We are enhancing ScyllaDB with a native RESTful API to efficiently backup and restore SSTables to and from object storage services

@tchaikov Do you have some swagger designing the API for backup and restore already that we could take a look on ?

sure.

karol-kokoszka commented 2 months ago

BTW, it's worth to include it into integration tests. We do that in Scylla Manager already. https://github.com/scylladb/scylla-manager/tree/master/testing

what do you mean by "it"?

I mean Minio.

tchaikov commented 2 months ago

@tchaikov sorry for such a later response, I've been busy with patching current SM restore implementation, as it was the hottest priority from SM POV. I will take a look at those two PRs tomorrow:

In case you have any question about how SM restore/backup operate (or why does it work like that), please ask me. We can even schedule a call if needed.

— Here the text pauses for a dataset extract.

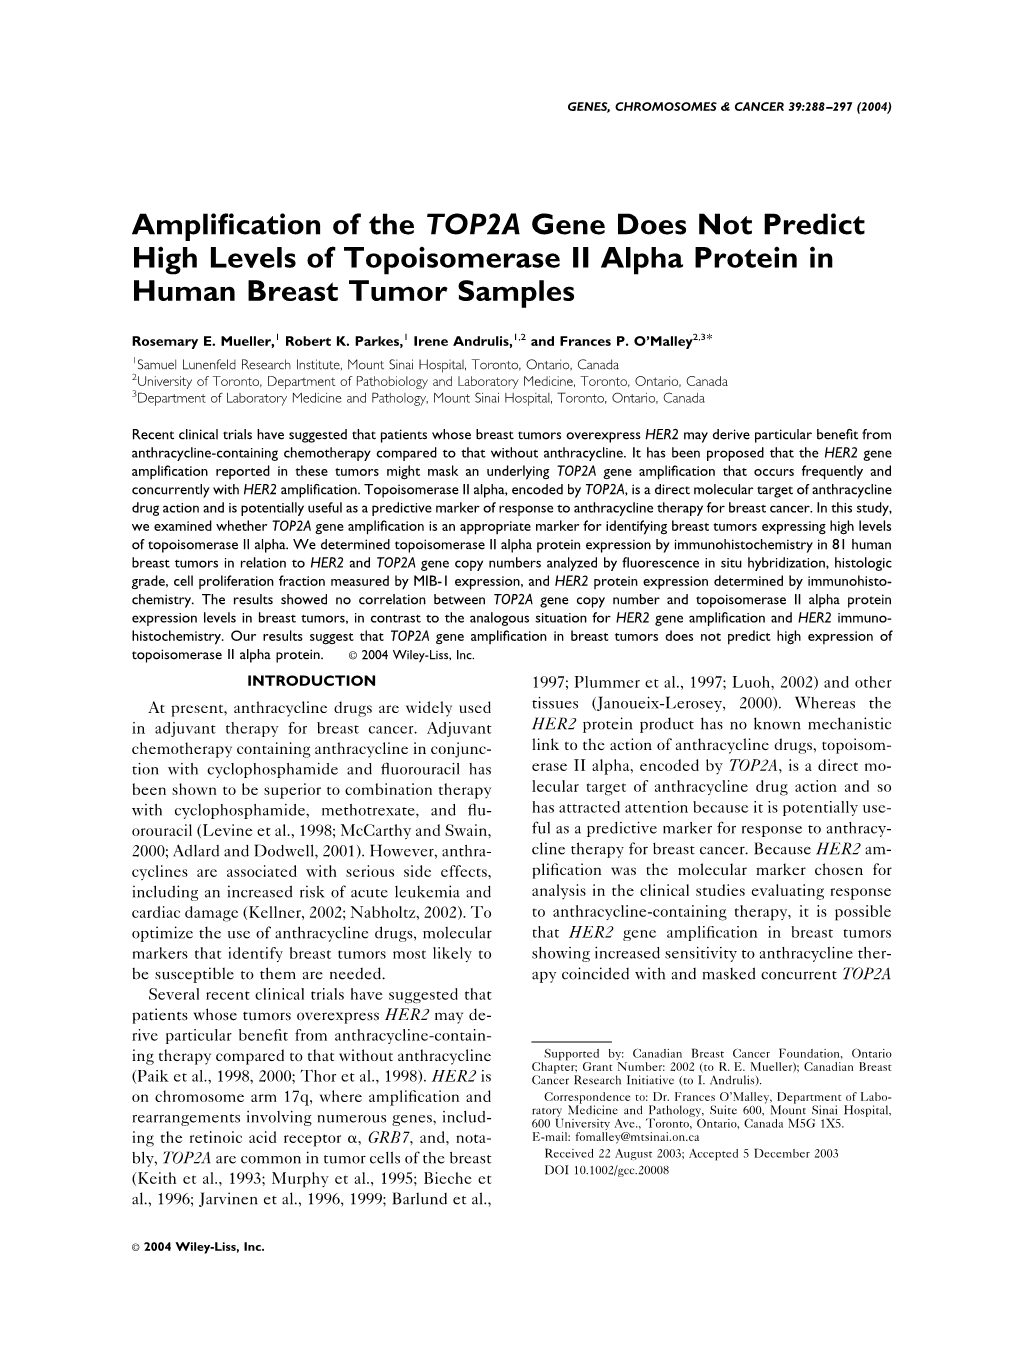 Amplification of the TOP2A Gene Does Not Predict High Levels Of

hi @Michal-Leszczynski thanks for your reply. i just sent a meeting invite to you. hopefully the time works for you so you can hop in and we can sync up with each other.

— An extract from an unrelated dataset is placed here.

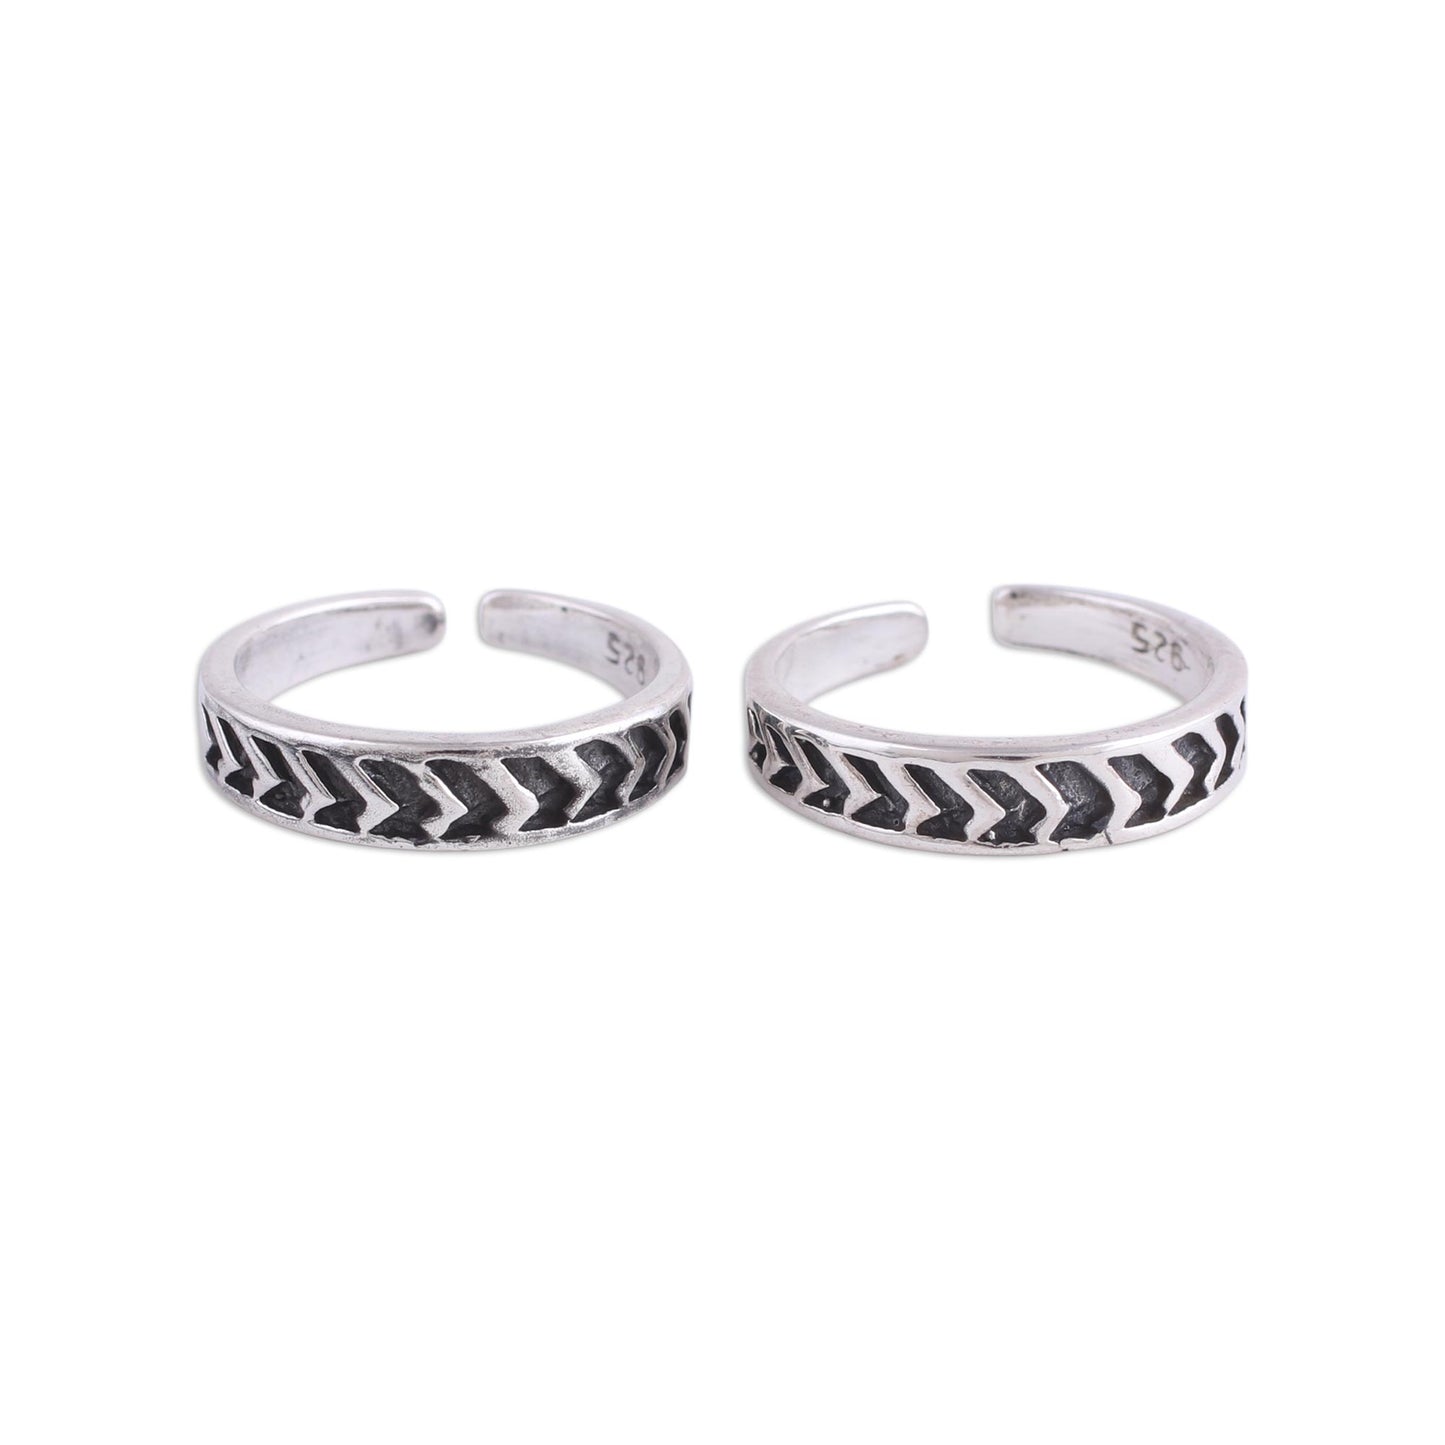 Way To Relaxation Pair of Sterling Silver Toe Rings from India

tchaikov commented 2 months ago

BTW, it's worth to include it into integration tests. We do that in Scylla Manager already. https://github.com/scylladb/scylla-manager/tree/master/testing

what do you mean by "it"?

I mean Minio.

yeah, we are already using minio for testing. see https://github.com/scylladb/scylladb/blob/e4b213f041b131f38a9d782c67152e1203bd3a7e/test/pylib/minio_server.py#L28

regevran commented 2 months ago

hi @Michal-Leszczynski thanks for your reply. i just sent a meeting invite to you. hopefully the time works for you so you can hop in and we can sync up with each other.

May I join too?

tchaikov commented 2 months ago

hi @Michal-Leszczynski thanks for your reply. i just sent a meeting invite to you. hopefully the time works for you so you can hop in and we can sync up with each other.

May I join too?

it's the weekly backup and restore meeting. so you are already invited.

regevran commented 1 month ago

@tchaikov - I suggest we close this issue as we learnt a lot since it was opened. Some of the information here is not updated and even confusing.